## Problem requirements
Count every line below that contains "Promotes", then give that count and nothing else.

## Data under study
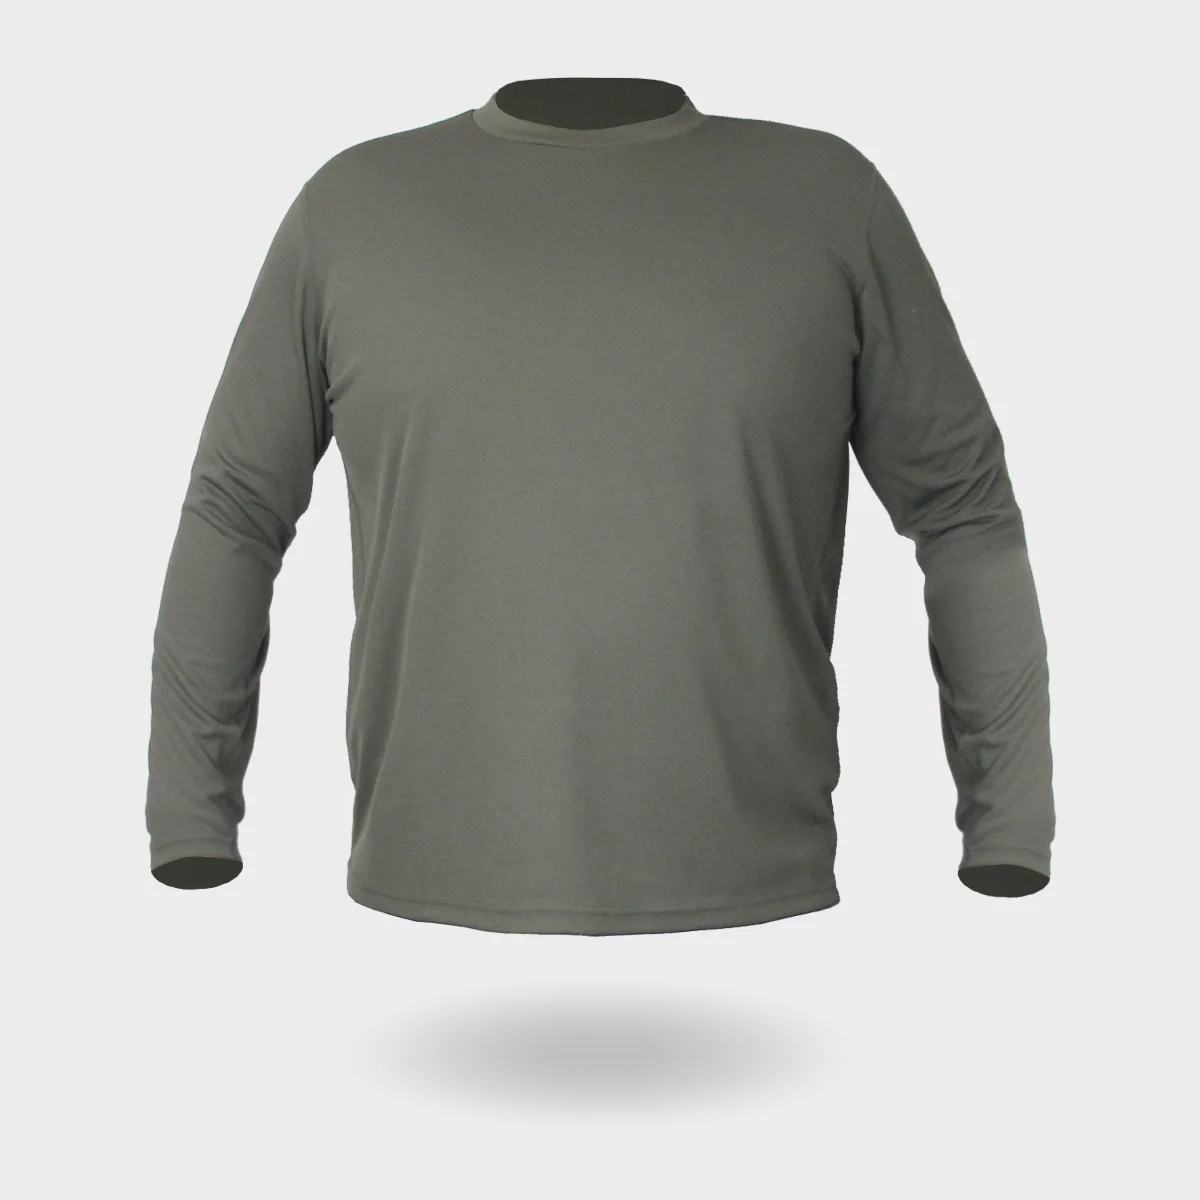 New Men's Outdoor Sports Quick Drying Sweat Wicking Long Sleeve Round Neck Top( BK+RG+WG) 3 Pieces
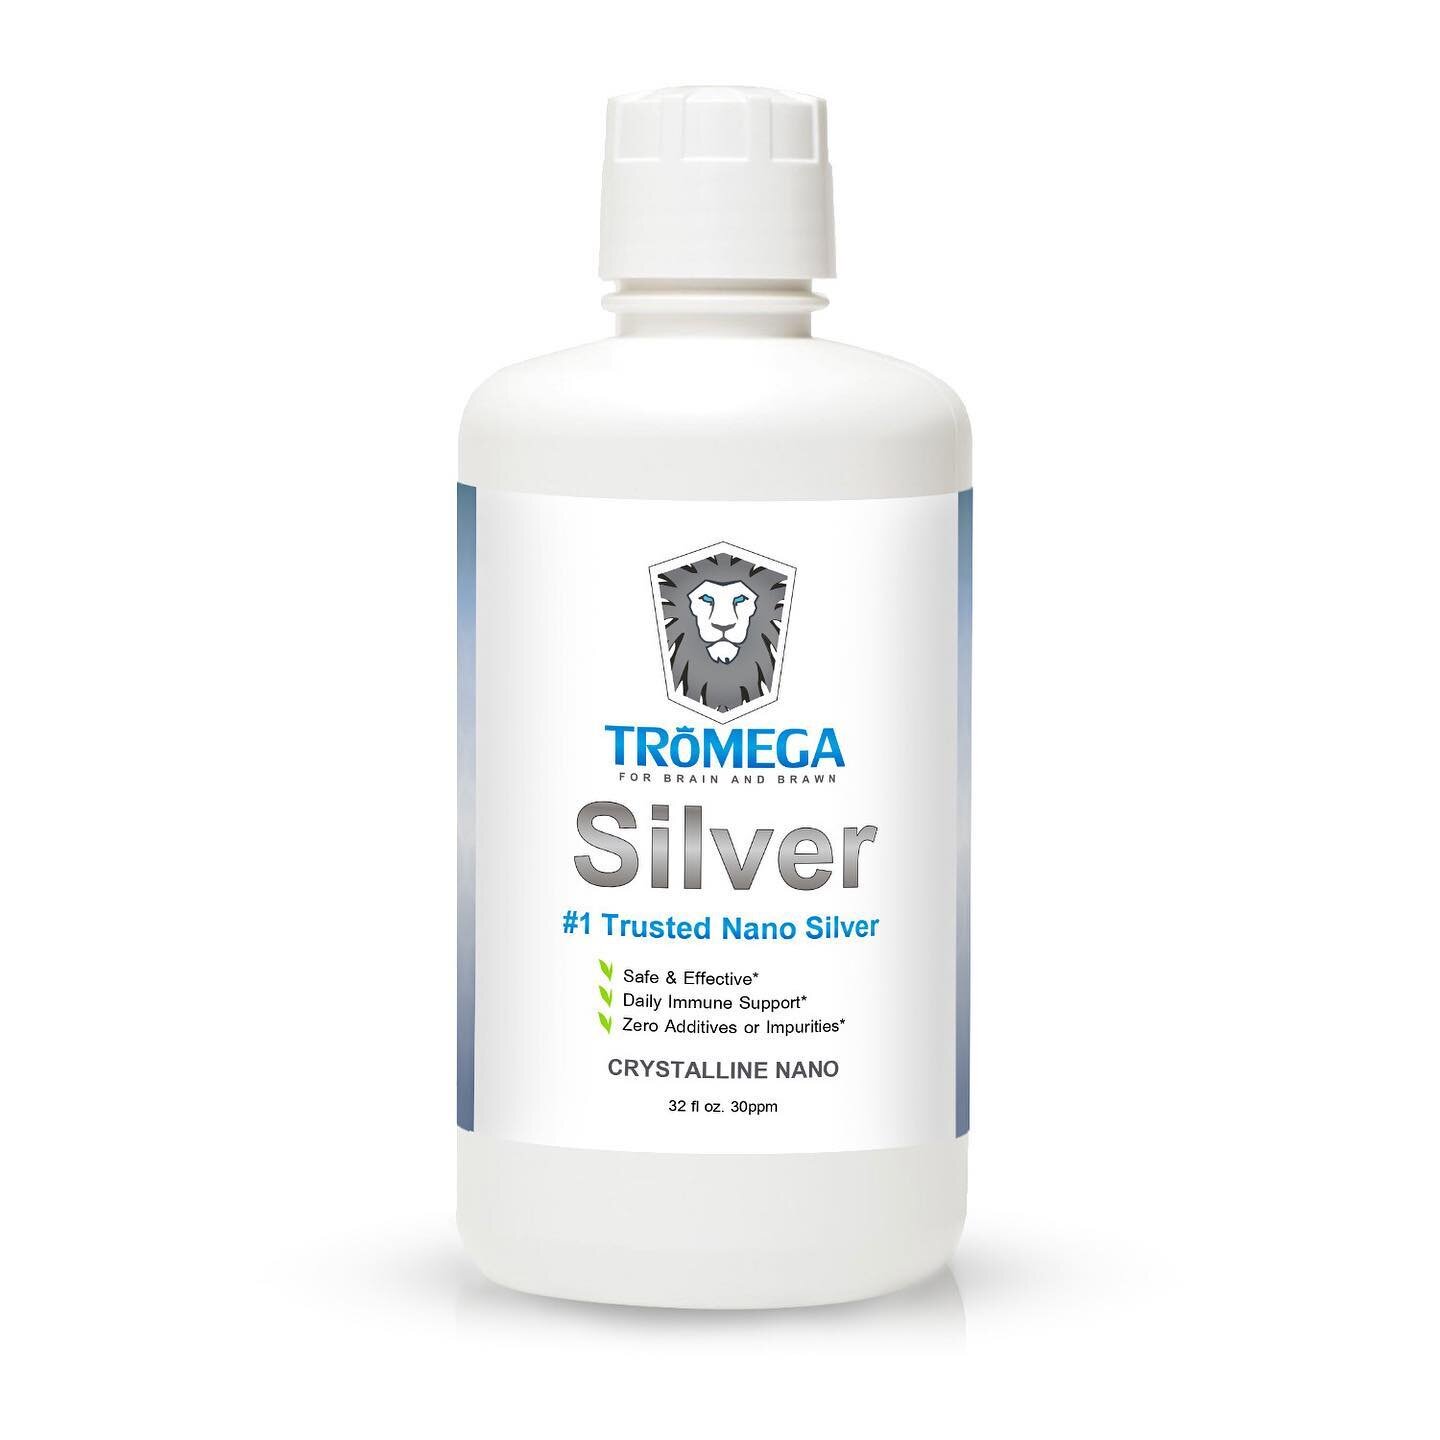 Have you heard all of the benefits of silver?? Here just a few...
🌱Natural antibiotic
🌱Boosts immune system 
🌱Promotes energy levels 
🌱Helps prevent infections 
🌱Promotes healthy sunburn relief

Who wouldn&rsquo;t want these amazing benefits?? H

---

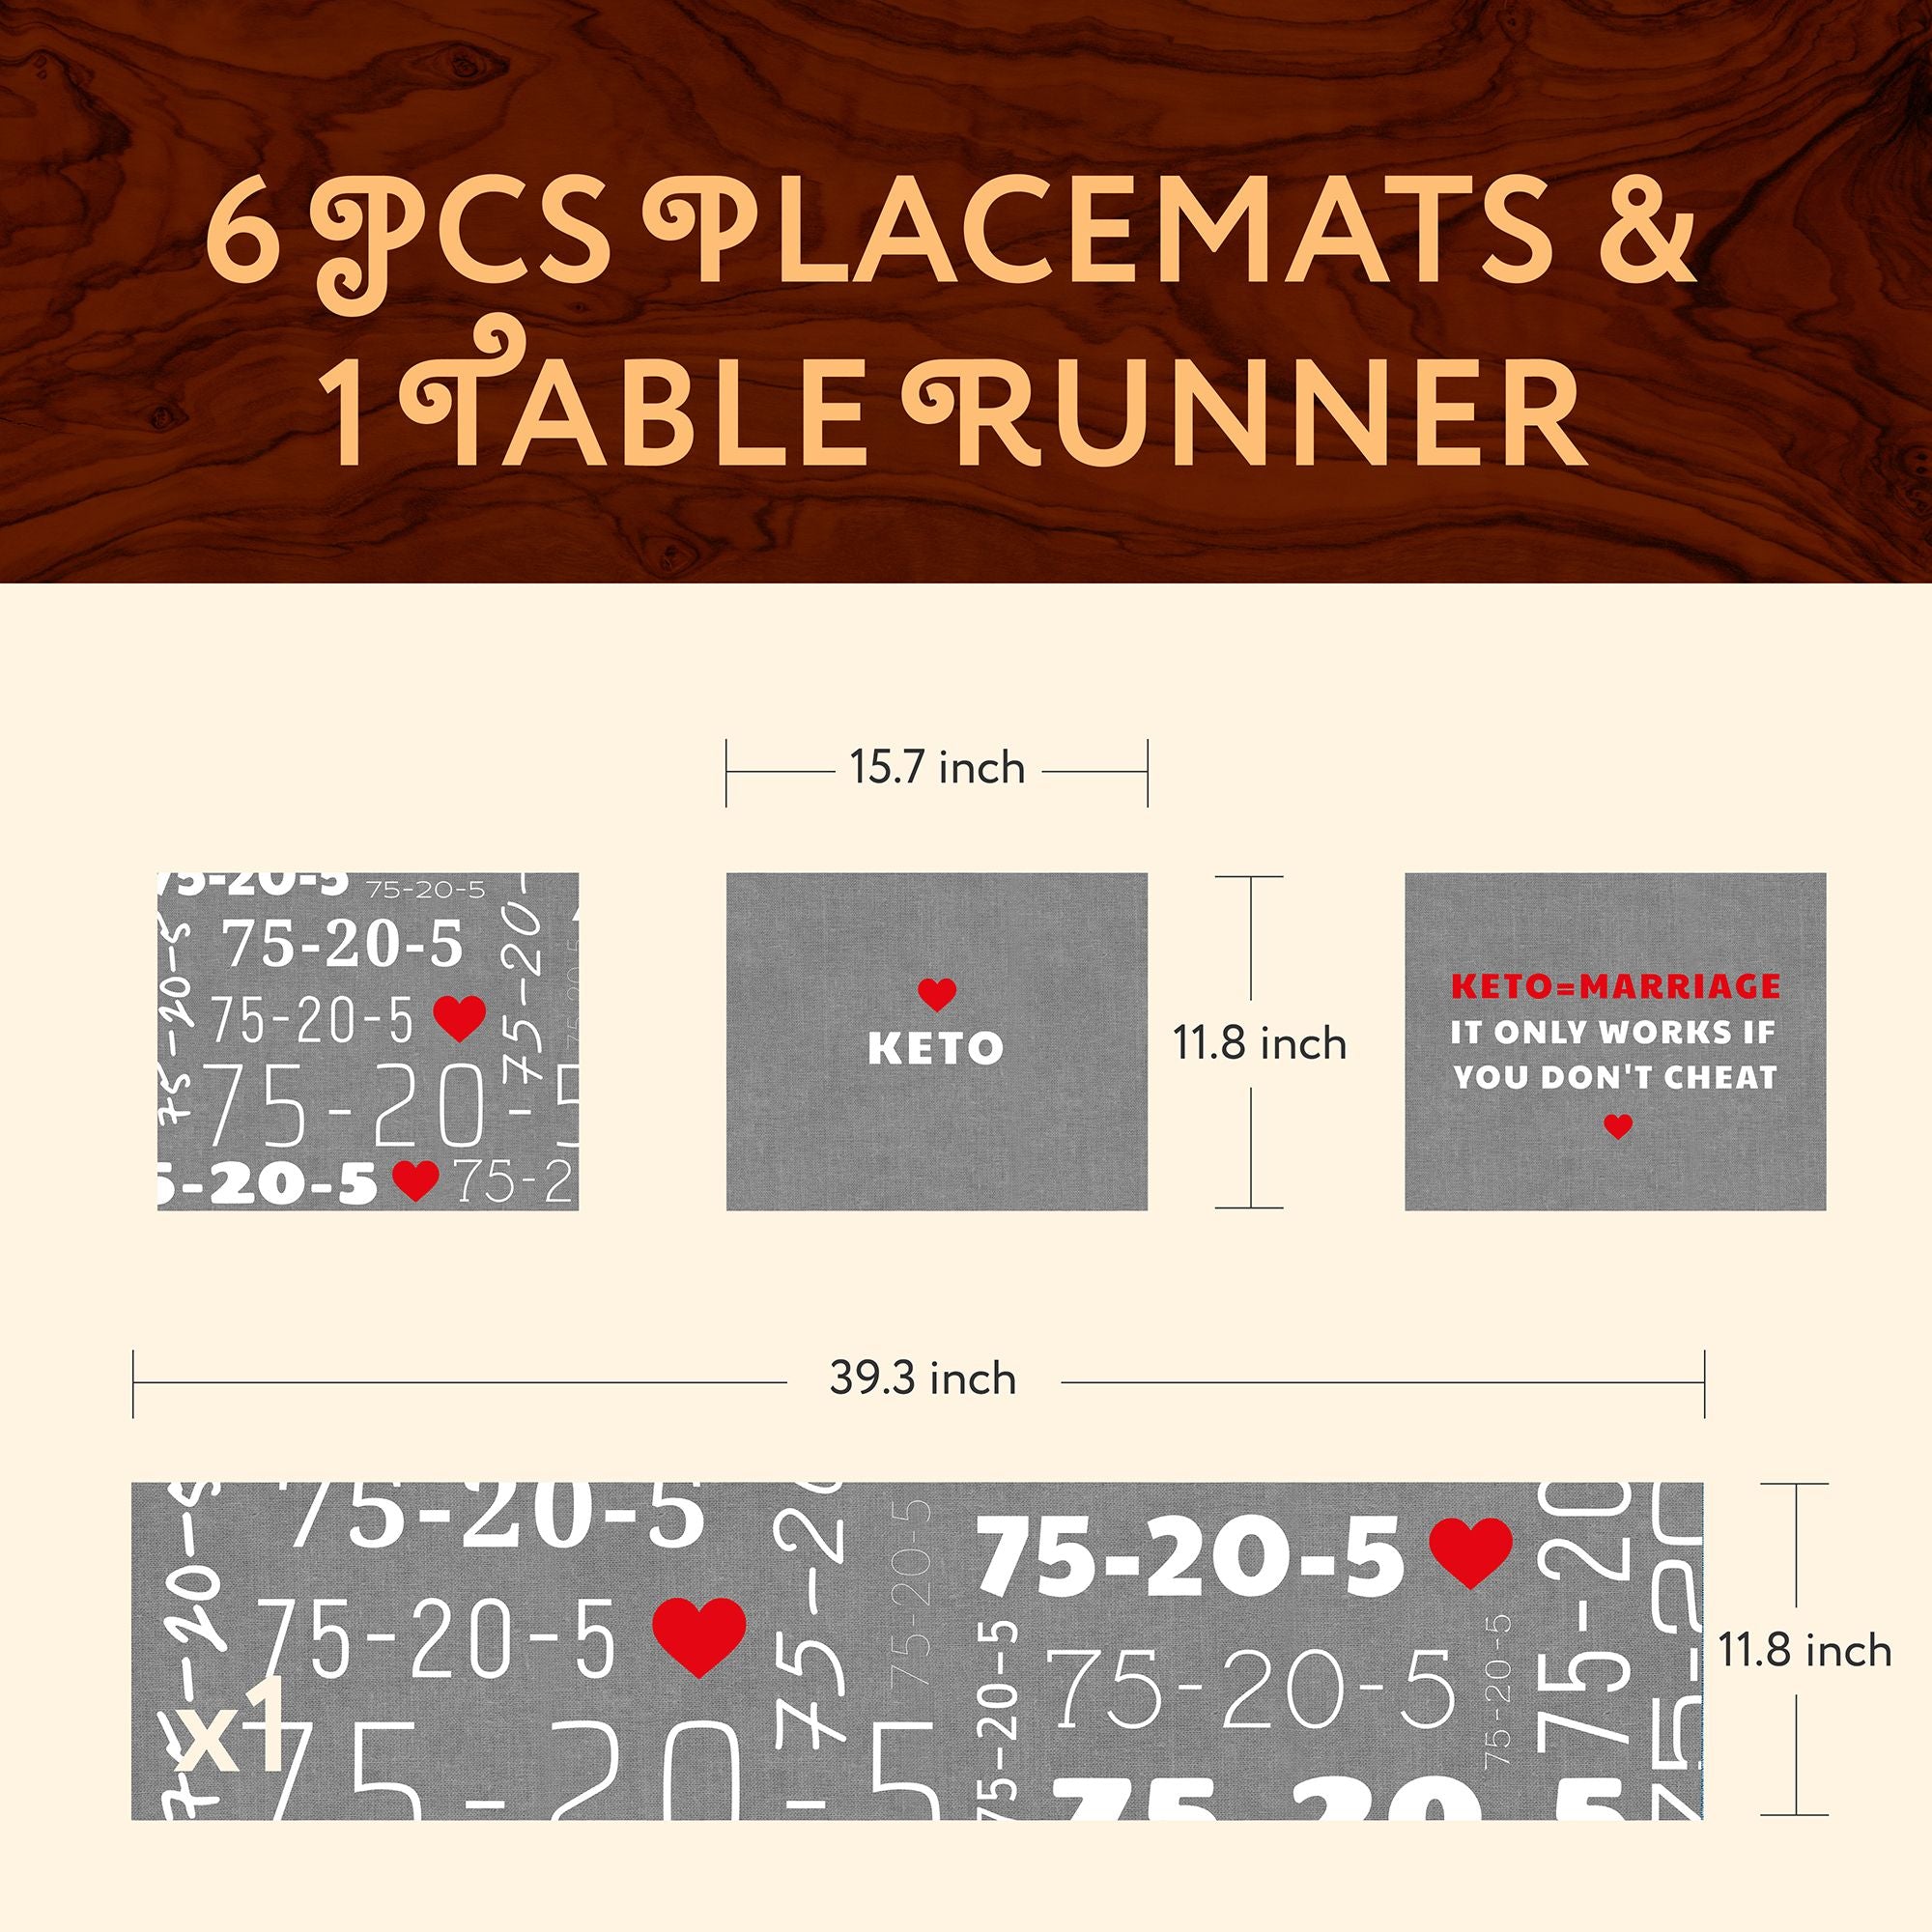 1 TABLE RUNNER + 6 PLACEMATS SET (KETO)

---

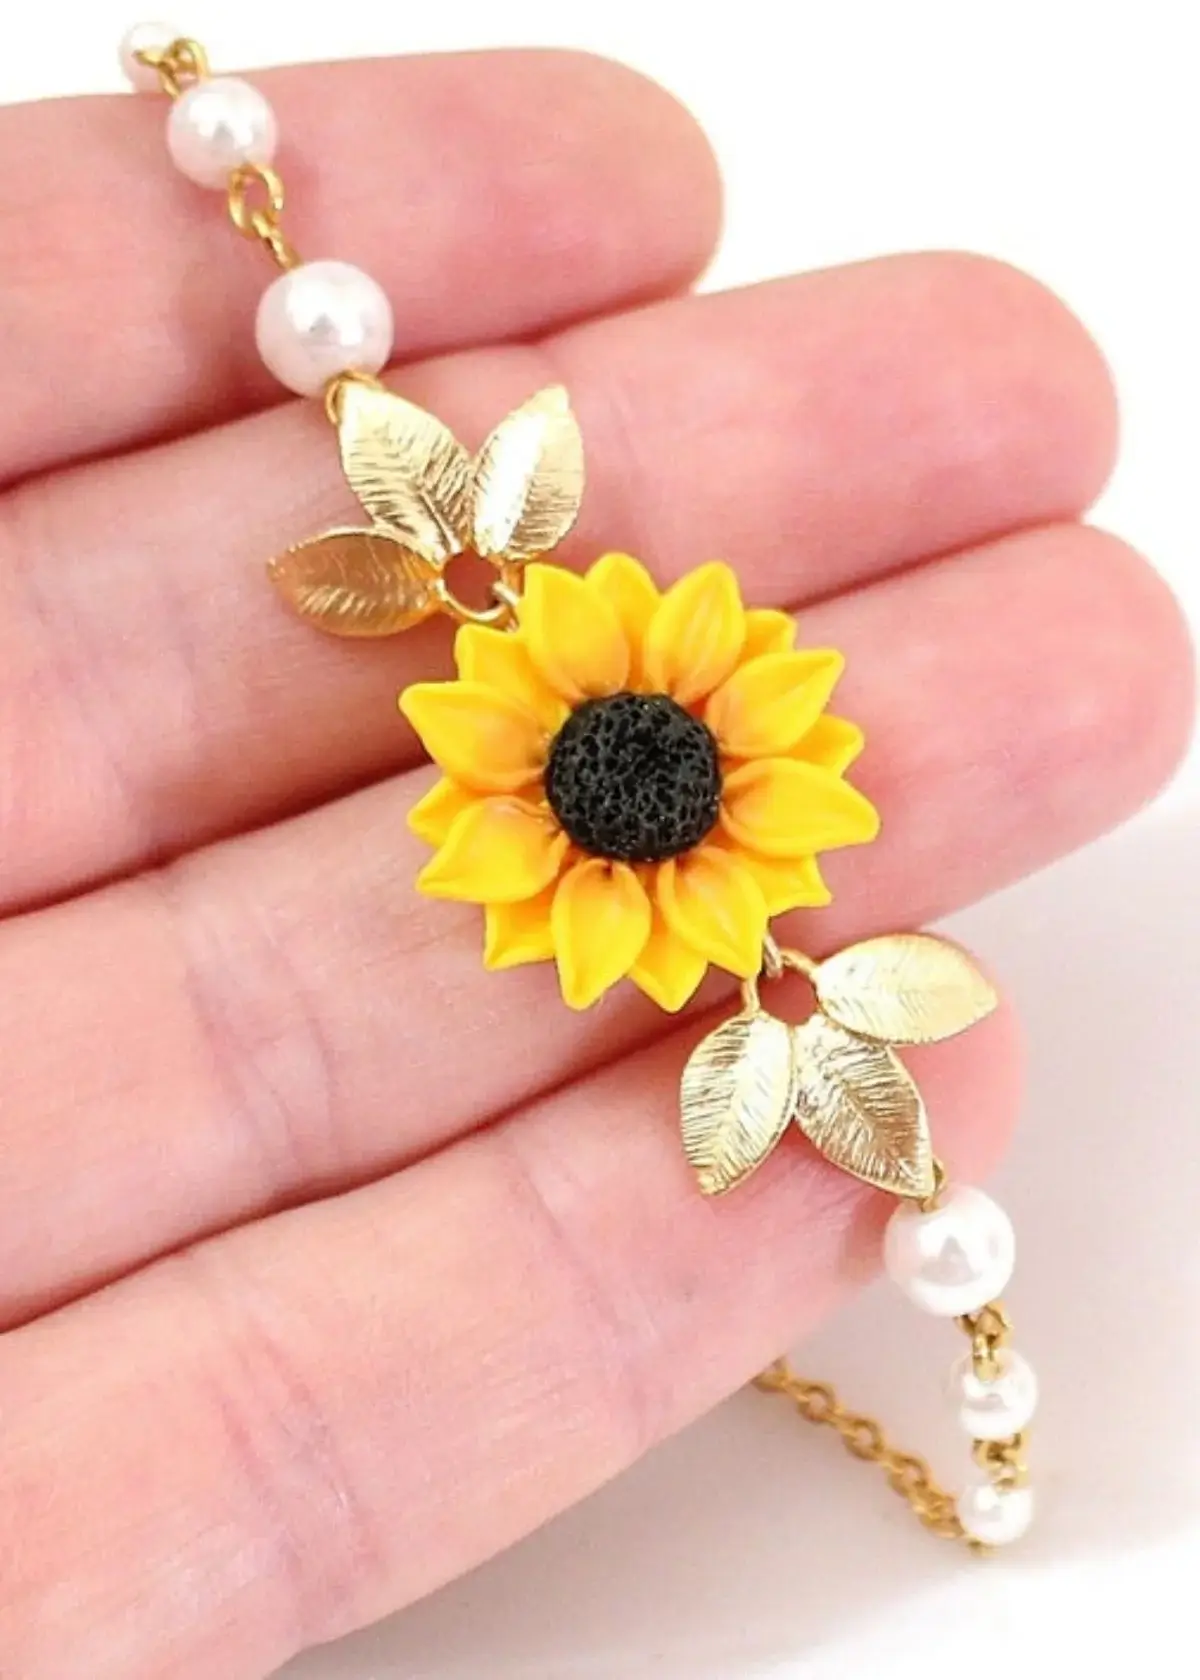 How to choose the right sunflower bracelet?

## Written reply
2